Саня с Лёхой показали мне на карте, какие квадраты обследовали, сколько и какой живности определили. Рассказали, что следов браконьеров не обнаружили – северная часть заповедника была наиболее удалена от населённых пунктов. Потом, переглянувшись, обратились ко мне:
               – Петь, нам бы втроём завтра потропить: тяжело вдвоём-то.
               Я опешил:
               – Вы что, мужики, неужели решили, что мне здесь нравится сидеть?! Да и Танька, по-моему, в полном порядке. Завтра же иду с вами!
               Танька, подняв глаза, часто-часто заморгала:
               – Да-да-да, ребята, конечно.

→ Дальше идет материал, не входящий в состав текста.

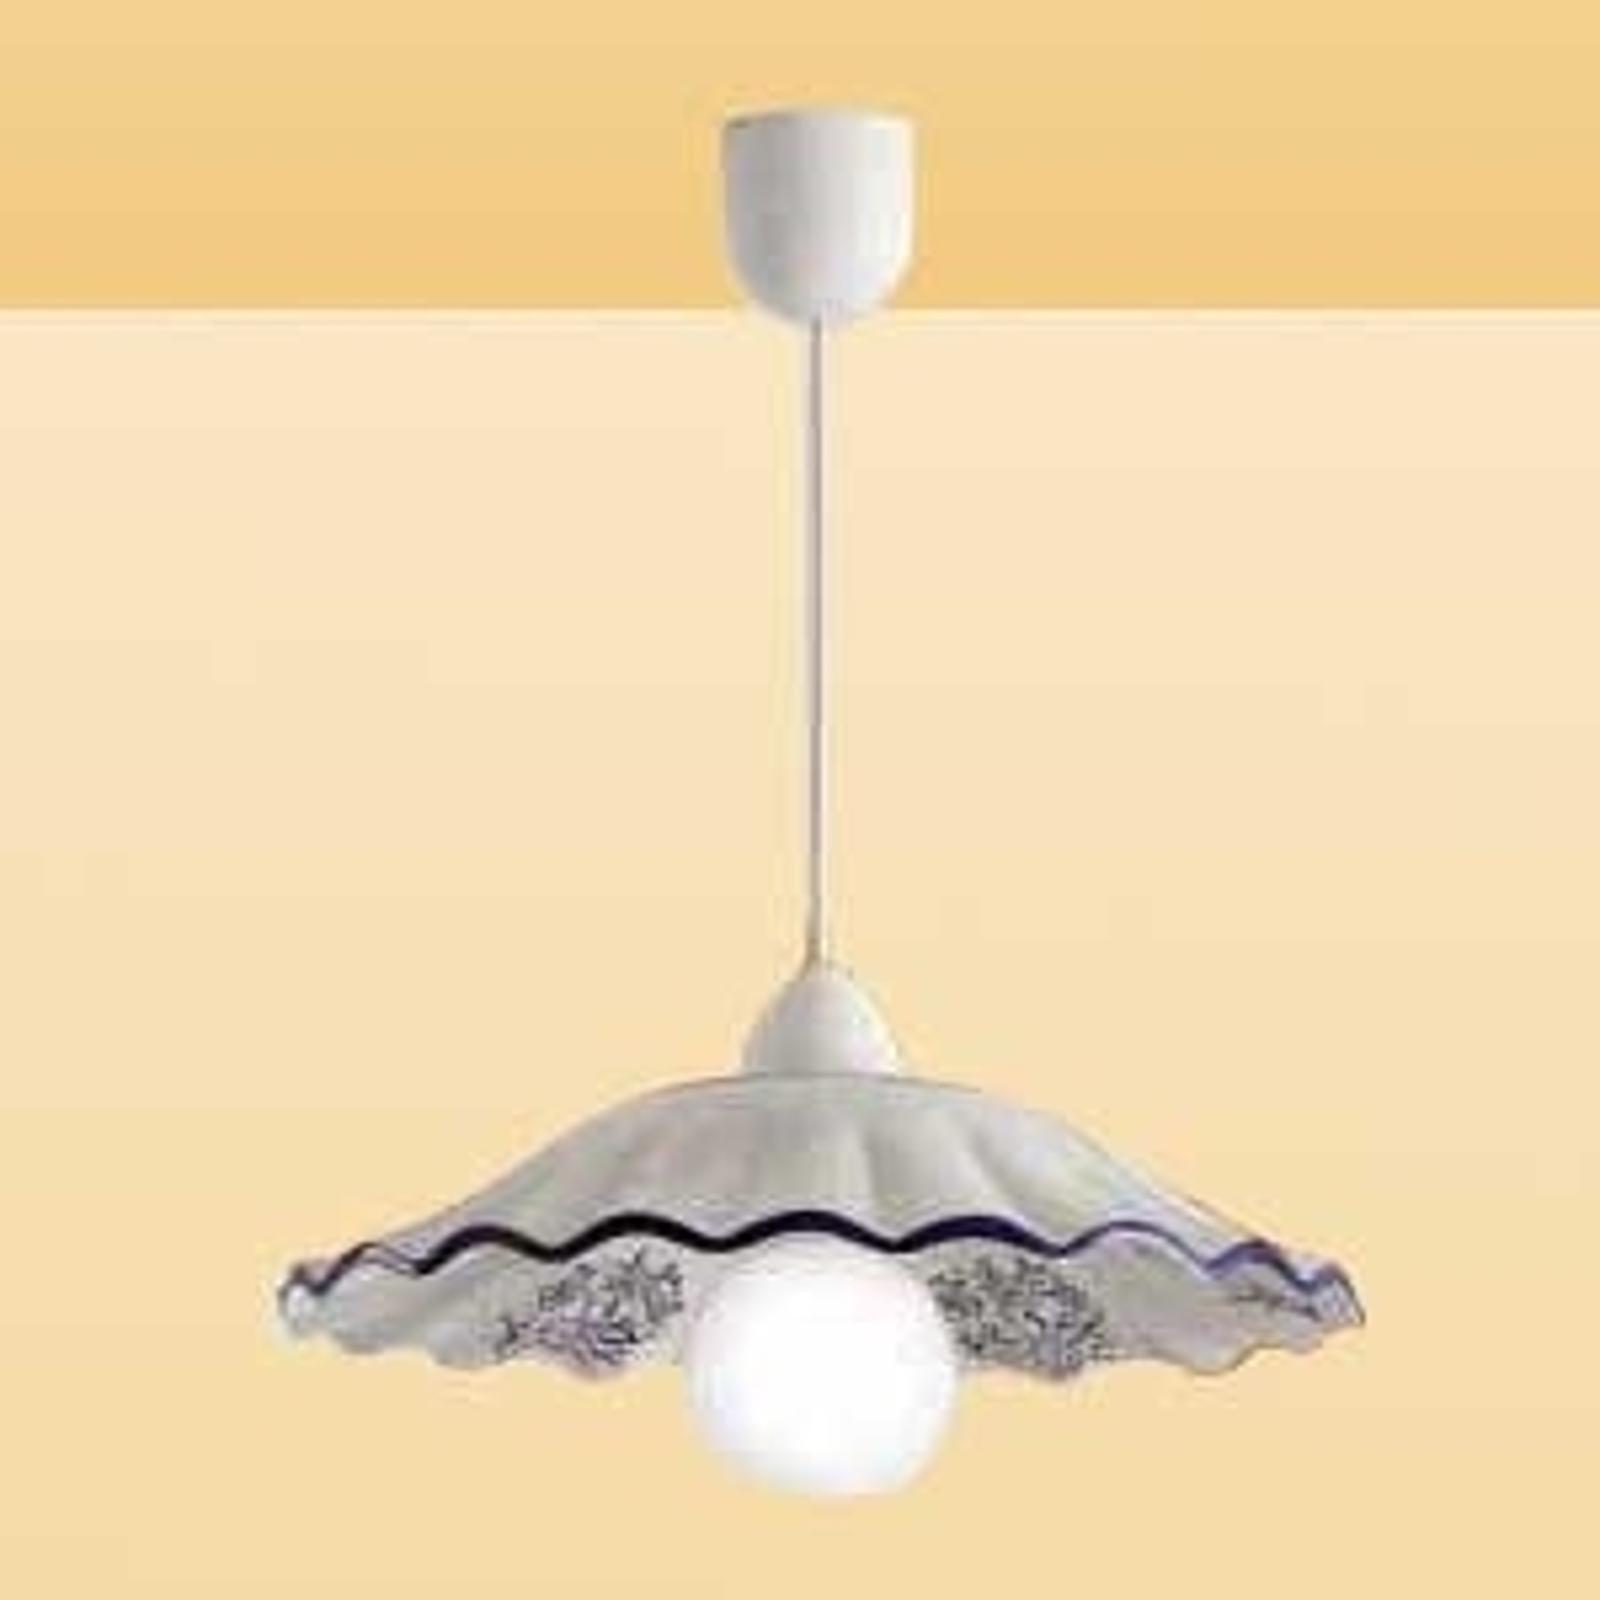 Lámpara colgante CELESTINA en un estilo romántico

Я приберусь и поесть приготовлю, и печку буду топить, и дровишек принесу. А у тебя, Саша, вон штаны порвались, снимай, я зашью!
               – Добро. Только от избушки не дальше, чем на десять метров! И смотри, не запали её!
       
       6
       
               Оставшиеся дни я с удовольствием изучал заповедную тайгу, помогал, чем мог, молодому и бывалому СОПовцам, добросовестно топтал глубокий снег.
               Сказать, что Саня Герасимов молодец – значит, не сказать ничего. Я не встречал людей, которые бы так разбирались в шарадах многочисленных звериных следов. «Так, это – тот самый русак-двухлетка. След вчерашний, его я помню и по другим квадратам. Ишь, разбегался! Ага, лисица, след совсем свежий, видимо, нас учуяла, только что ушла. Ну, это, похоже, та же волчья тропа, что идёт на север». И так далее. Где-то он снимал с коры еле заметный клочок шерсти и, помяв его и понюхав, называл хозяина. Где-то, достав спичку, клал её на снег между отпечатками лап. И всё вполголоса рассказывал и рассказывал Лёхе об обитателях тайги, тот кивал, тоже щупал кусочки шерсти, ковырял кору на деревьях, определял по компасу направление следа. Затем доставалась карта, что-то сверялось, что-то записывалось карандашом на бумагу в планшете.
               Я внимал этим премудростям вполуха. Понимал лишь главное: существуют специальные методики определения численности разных видов животных по паутине их следов. Я и раньше с восхищением читал в расписании занятий названия изучаемых «охранниками» дисциплин: лесоведение, луговедение, охотоведение и другие экзотические предметы. Но тут отчётливо понял: всё это – не просто так.
               За четыре дня мы истоптали изучаемый сектор заповедника вдоль и поперёк, даже заглянули на соседний – вдруг кого-то из наших увидим. Или браконьеров. Но никого не встретили. А девочка наша старалась изо всех сил: в избушке всё, насколько это было возможно, блестело, к нашему приходу всегда был готов ужин, печка протоплена, дровишки аккуратно уложены. Ну, и ко мне она стала проявлять подчеркнутую учтивость и доброжелательность – учение пошло впрок.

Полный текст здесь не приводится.